How to Write Custom Migrations in Django

Blog / Django · May 6, 2022 · Updated June 10, 2026 · 10 min read
How to Write Custom Migrations in Django

A custom migration is a Django migration you write by hand instead of letting makemigrations generate it. You reach for one whenever a schema change also needs data moved or transformed, when you need raw SQL the ORM can't express, or when you have to reshape migration history without touching the database. The three building blocks are RunPython (data migrations in Python), RunSQL (raw SQL), and SeparateDatabaseAndState (decoupling what Django records from what runs on the database) — plus custom Operation classes for reusable logic. Everything below targets Django 5.x.

This guide is about authoring migration operations yourself. If instead you need to bootstrap migrations for a database that already has tables but no history, that's a different job — see our companion guide on creating initial Django migrations for an existing database.

When makemigrations isn't enough

makemigrations is excellent at schema diffs — new models, added fields, changed options — and it writes the DDL to match. It is deliberately blind to your data. It will create a column but never populate it; its rename detection asks a yes/no question and can guess wrong; and it cannot emit database-specific SQL such as a trigger, a partial index, or a materialized view. Any time the change involves existing rows or engine-specific DDL, you write a custom migration.

Start from an empty migration

Custom migrations begin from an empty stub that you fill in:

python manage.py makemigrations --empty --name backfill_full_name people

This writes a numbered file like people/migrations/0007_backfill_full_name.py with an empty operations list and the dependency on the previous migration already wired up. Always use --name so the filename documents intent instead of reading 0007_auto_20260610_1012.

Data migrations with RunPython

RunPython is the workhorse: it runs a Python function during migrate. Two rules matter most.

  • Load models through apps.get_model('app', 'Model'), never by importing them. The function runs against the historical state of your models at that point in history; a direct import gives you today's model, which may have fields that didn't exist yet (or have since been removed).
  • Provide a reverse function so the migration is reversible. If a step genuinely can't be undone, pass migrations.RunPython.noop rather than leaving the migration irreversible.
from django.db import migrations


def combine_names(apps, schema_editor):
    """Populate full_name from the existing first/last name columns."""
    Person = apps.get_model("people", "Person")
    for person in Person.objects.all().iterator():
        person.full_name = f"{person.first_name} {person.last_name}".strip()
        person.save(update_fields=["full_name"])

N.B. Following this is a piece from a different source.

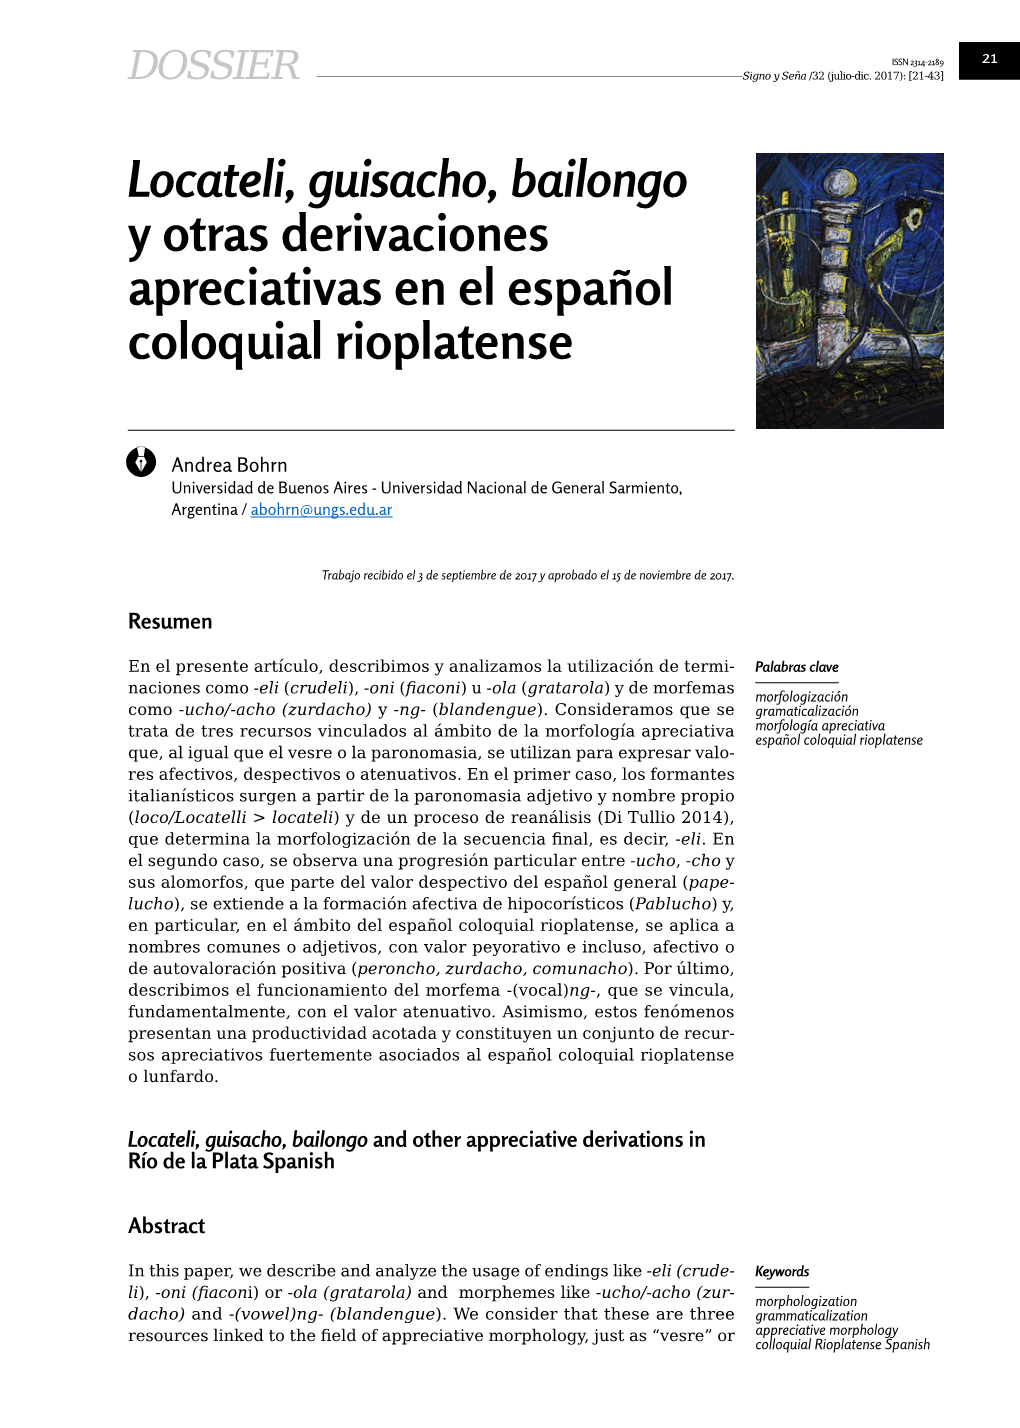 Locateli, Guisacho, Bailongo Y Otras Derivaciones Apreciativas En El Español Coloquial Rioplatense

def clear_names(apps, schema_editor):
    """Reverse step so `migrate people 0006` rolls back cleanly."""
    Person = apps.get_model("people", "Person")
    Person.objects.update(full_name="")


class Migration(migrations.Migration):
    dependencies = [
        ("people", "0006_person_full_name"),
    ]

    operations = [
        migrations.RunPython(combine_names, clear_names),
    ]

A few practical refinements:

  • Use .iterator() (and bulk_update) on large tables so you don't pull every row into memory at once.
  • schema_editor.connection.alias tells you which database you're on; guard the operation with it in a multi-database project, because Django runs the migration once per database.
  • Pass elidable=True when the operation only mattered as a one-off historical fix — Django can then drop it when you squash migrations.
operations = [
    migrations.RunPython(
        combine_names,
        migrations.RunPython.noop,  # nothing meaningful to undo
        elidable=True,              # safe to drop when squashing
    ),
]

Raw SQL with RunSQL

When you need SQL the ORM won't generate — a CHECK constraint, a partial or GIN index, a trigger, an UPDATE ... FROM — use RunSQL. Always pass reverse_sql so the migration can be unapplied.

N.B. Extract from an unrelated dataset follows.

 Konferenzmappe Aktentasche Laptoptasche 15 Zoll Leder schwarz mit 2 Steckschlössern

from django.db import migrations


class Migration(migrations.Migration):
    dependencies = [
        ("catalog", "0011_product_search"),
    ]

    operations = [
        migrations.RunSQL(
            sql="CREATE INDEX idx_product_active ON catalog_product (created_at) WHERE is_active;",
            reverse_sql="DROP INDEX idx_product_active;",
        ),
    ]

If the SQL changes the schema in a way Django's autodetector should know about (for example you hand-create a column), pass state_operations. Django then updates its in-memory model state to match without re-running the DDL:

from django.db import migrations, models

migrations.RunSQL(
    sql="ALTER TABLE catalog_product ADD COLUMN sku varchar(32) NOT NULL DEFAULT '';",
    reverse_sql="ALTER TABLE catalog_product DROP COLUMN sku;",
    state_operations=[
        migrations.AddField(
            model_name="product",
            name="sku",
            field=models.CharField(max_length=32, default=""),
        ),
    ],
)

A real-world example: backfill a new column safely

Combine the pieces. Say you're adding a denormalized order_total to Order. You can't add a populated NOT NULL column in one shot, so split the work into ordered steps: add the column nullable, backfill it with a data migration, then tighten the constraint. Migration 0020 adds the nullable field; this one fills every row and only then alters it.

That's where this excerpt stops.